The effect of prodrug-loaded (Lipo-HD-DOX) nanoemulsions has been tested on three different cell lines (MDA-MB-231, Jimt1 or 4T1 cells) using the classical MTS assay, which is a method allowing sensitive quantification of viable cells and thus of cytotoxicity. As shown in Fig. 8, increasing concentrations of doxorubicin alone (without nanoemulsion) led to a dose-dependent cytotoxicity. Interestingly, NE-encapsulated prodrug Lipo-HD-DOX behaved either similarly, or with increased efficiency. The higher toxicity of the prodrug-loaded nanoemulsion compared to the free drug was observed for MDA-MB-231 and Jimt1 cells. Thus, Lipo-HD-DOX is probably metabolized by the cells liberating the free drug. The higher toxicity could result from more prolonged liberation of the drug, controlled by the cleavage of the hydrazone bond.

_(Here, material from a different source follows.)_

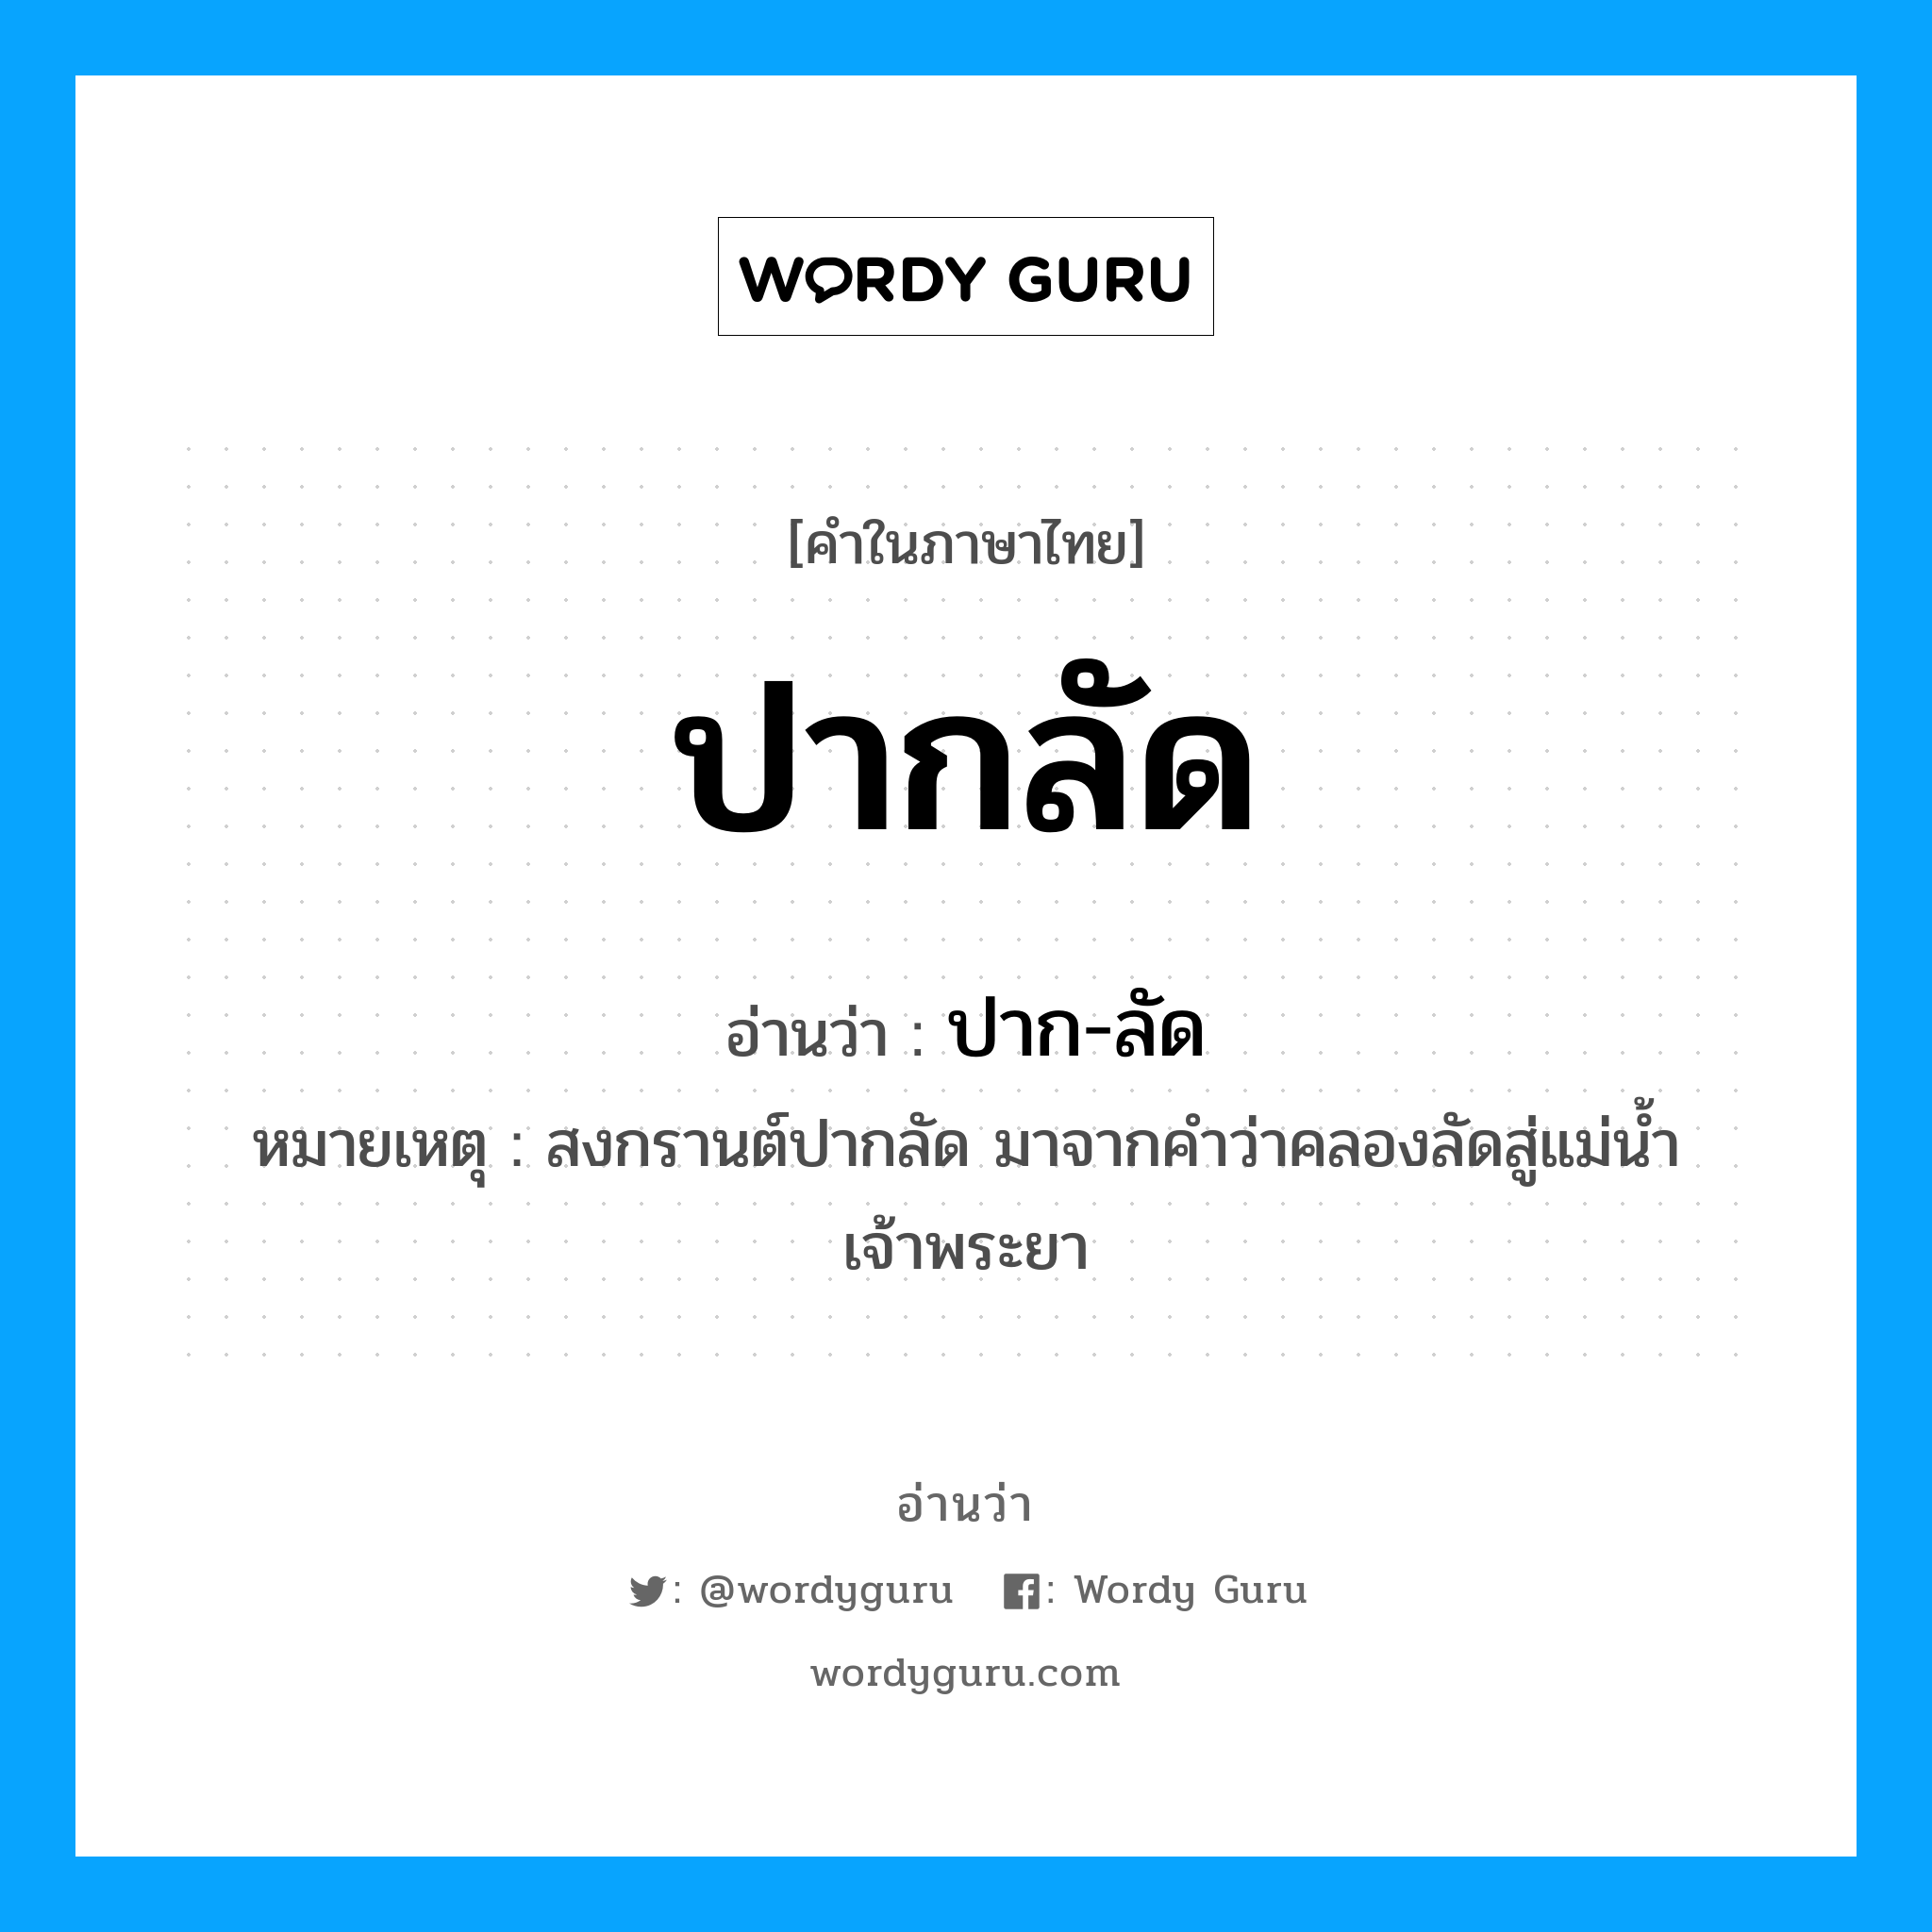 ปาก-ลัด เป็นคำอ่านของคำไหน?, คำในภาษาไทย ปาก-ลัด อ่านว่า ปากลัด หมายเหตุ สงกรานต์ปากลัด มาจากคำว่าคลองลัดสู่แม่น้ำเจ้าพระยา

Example 4: In vitro toxicity evaluation of prodrugs Lipo-PAX and Lipo-N-Gem in nanoemulsions

Lipo-PAX and Lipo-N-Gem were formulated with nanoemulsions using similar protocol as described in example 2. Corresponding prodrugs Lipo-PAX and Lipo-N-Gem were respectively dissolved first into the oil Labrafac® at 15 and 20 wt%, respectively. Then 45 mg of surfactant Cremophore ® was added to 55 mg of above solution. The mixture was homogenized under magnetic stirring at 40°C for 10 min up to complete homogenisation. Finally, nanoemulsions were generated with the addition of phosphate buffered saline (230 mg). In vitro toxicity of prodrugs of paclitacel (Lipo-PAX) and gemcitabine (Lipo-N-Gem) in nanoemulsion were evaluated according to the method described before in example 3 and compared to corresponding free drugs. As shown in Figure 9, the cytotoxicity of free drug and corresponding prodrugs in nanoemulsions is dose-dependent, but their cytotoxicity is slightly different. In case of paclitacel, the cytotoxicity of drug alone is slightly higher than that of Lipo-PAX in the nanoemulsion, while Lipo-N-Gem in nanoemulsions is slightly more efficient that the free drug for MD-MB-231 and Jimt1 cells. Overall, it can be concluded that both prodrugs in nanoemulsions preserved their toxicity, which is probably because they can liberate the free drug after being metabolized by the cells (due to cleavage of the amide/ester bond). This is important for their therapeutic applications in vivo.